Единственной печалью деда Джавида был горячо им любимый внук Бартоломео, остальные внуки и внучки, на которых были так щедры невестки, пока не вызывали никакого чувства сожаления, не вызывали, можно сказать, вообще почти никакого чувства, и, может, не последнюю роль в этом играло их количество: невестки были необычайно плодовиты; хотя он всех их, своих внуков и внучек, по-своему любил, но все самые глубокие и пронзительные чувства его были отданы бедному и несчастному, горячо любимому внуку Бартоломео, у которого по мере того, как он рос, все больше, все ярче проявлялись симптомы и явные признаки ужасной болезни, лечить которую пока не умели нигде в мире. Но тем больше и крепче привязывался к внуку Джавид. Он учил его говорить, учил немного писать и, пока не позабыл окончательно за неимением практики, учил итальянскому языку (не очень понимая, где и когда знание этого певучего языка, по певучести близкого к родному языку, может пригодиться внуку), тем более, что и говорить пока мальчик мог с трудом. И, может быть, сознавая бесполезность слов, будь то родные или итальянские, малыш старался больше отмалчиваться, поглядывая умными маленькими глазками на деда, порой в безысходной, безнадежной печали забрасывающего его вопросами в не по годам нетерпеливой надежде на членораздельную речь. Вопросы не требовали никаких ответов, кроме понимающих грустных глазок маленького мальчика, что и было, по сути, ответом. Стало быть, занимался малышом, учил его тому, этому, учил ходить, держа за ручки и легонько подталкивая, и малыш переставлял свои пухленькие ножки, радостно улыбаясь, еще не сознавая, какая беда с ним приключилась. Но в дальнейшем маленький Бартоломео больше всего полюбил рисовать, любил краски, яркие, пахучие масляные краски, нравилось их нюхать, лизать, пачкать нос, любил плотную бумагу, разноцветные фломастеры, что и было куплено и привезено из районного центра, из города, самое лучшее, самое дорогое.

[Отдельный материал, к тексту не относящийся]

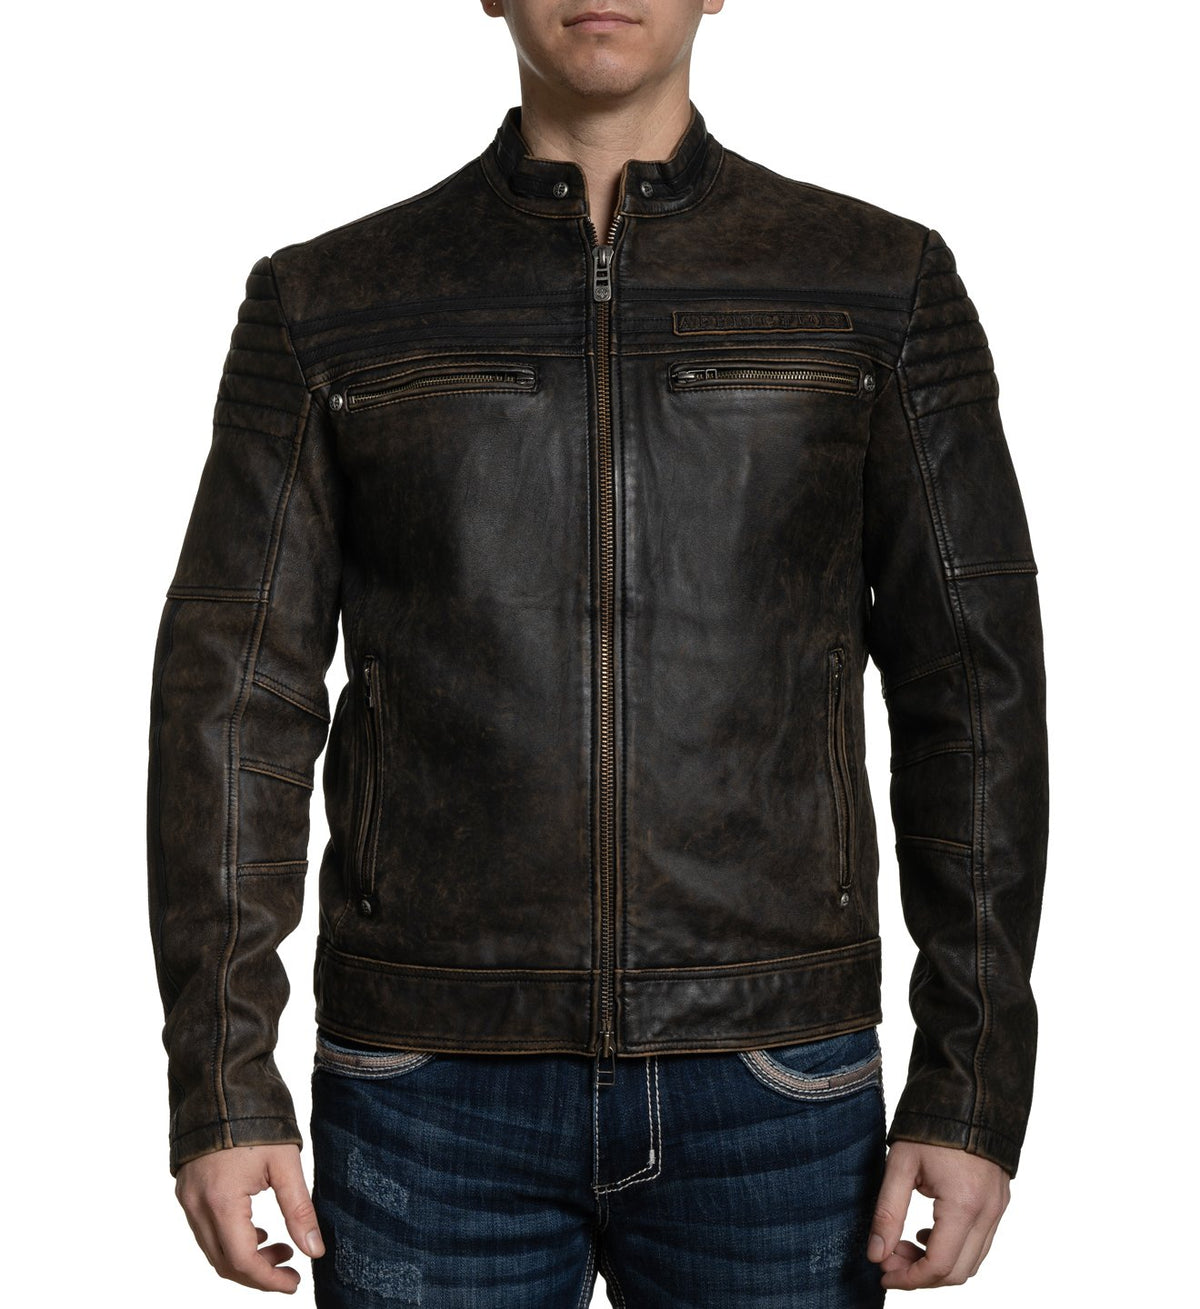 Affinity Jacket - Mens Jackets - Affliction Clothing
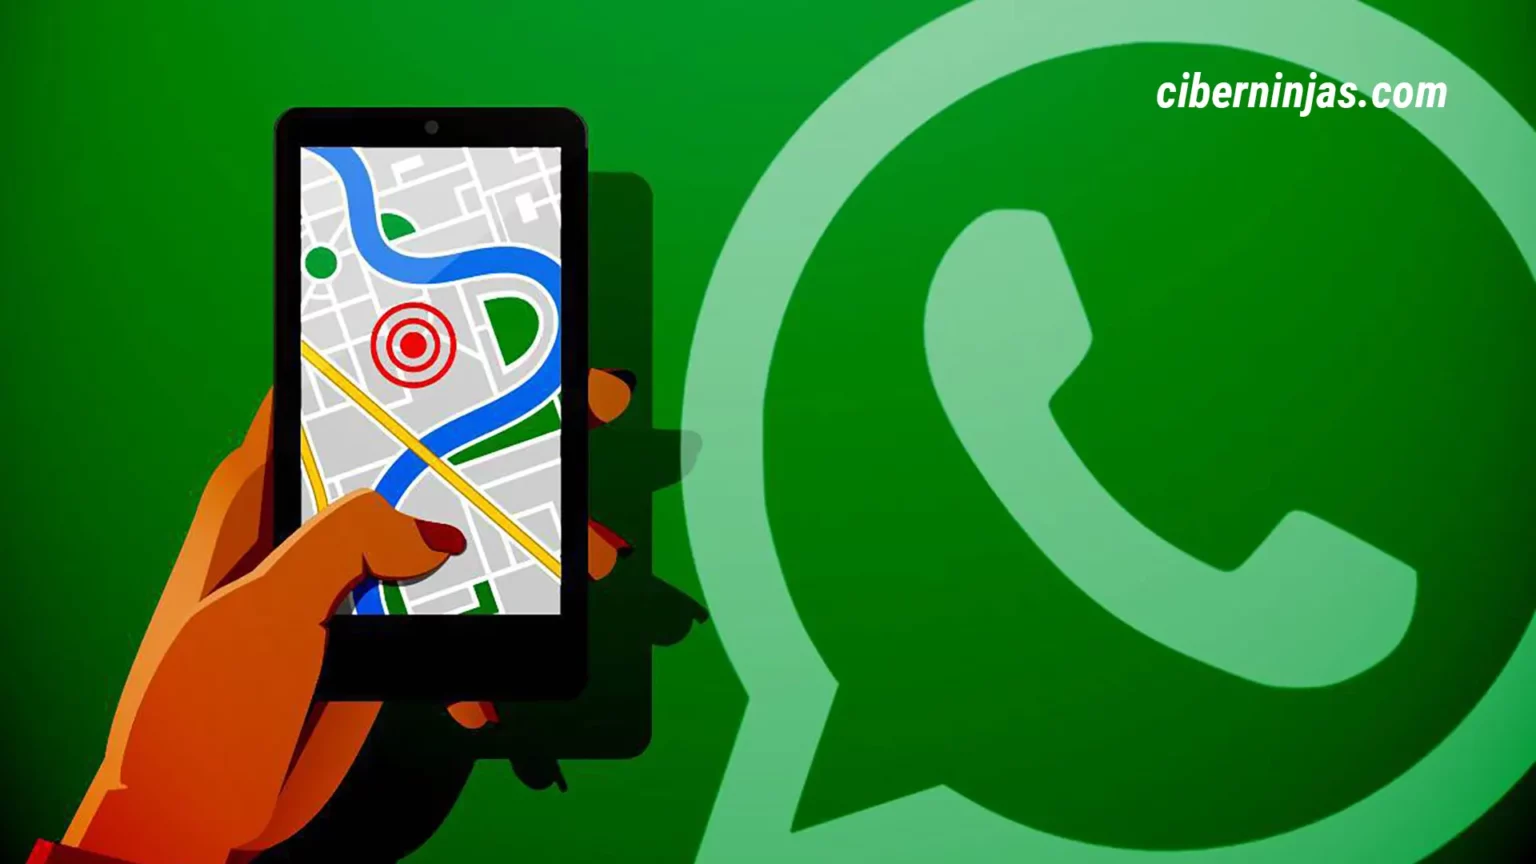 ¿Cómo enviar una ubicación falsa en WhatsApp?

– Все оттого, что ты поздно женился, сукин сын! – порой в бессильной ярости, не зная, к чему придраться, с сердцем, сжимавшимся от любви и горя по несчастному внуку, бросал в лицо младшему сыну, Сеймуру, Джавид, заранее понимая всю нелепость такого обвинения. – Я в твоем возрасте уже пятерых настрогал, – он ненадолго уходил мыслями в прошлое и, вернувшись, делал поправку, – нет, что это я говорю, только двоих… остальные потом появились… Тебя настрогал последним, мне уже крепко за сорок было, а покойница тогда уже устала вас рожать, механизм у неё испортился, все жаловалась…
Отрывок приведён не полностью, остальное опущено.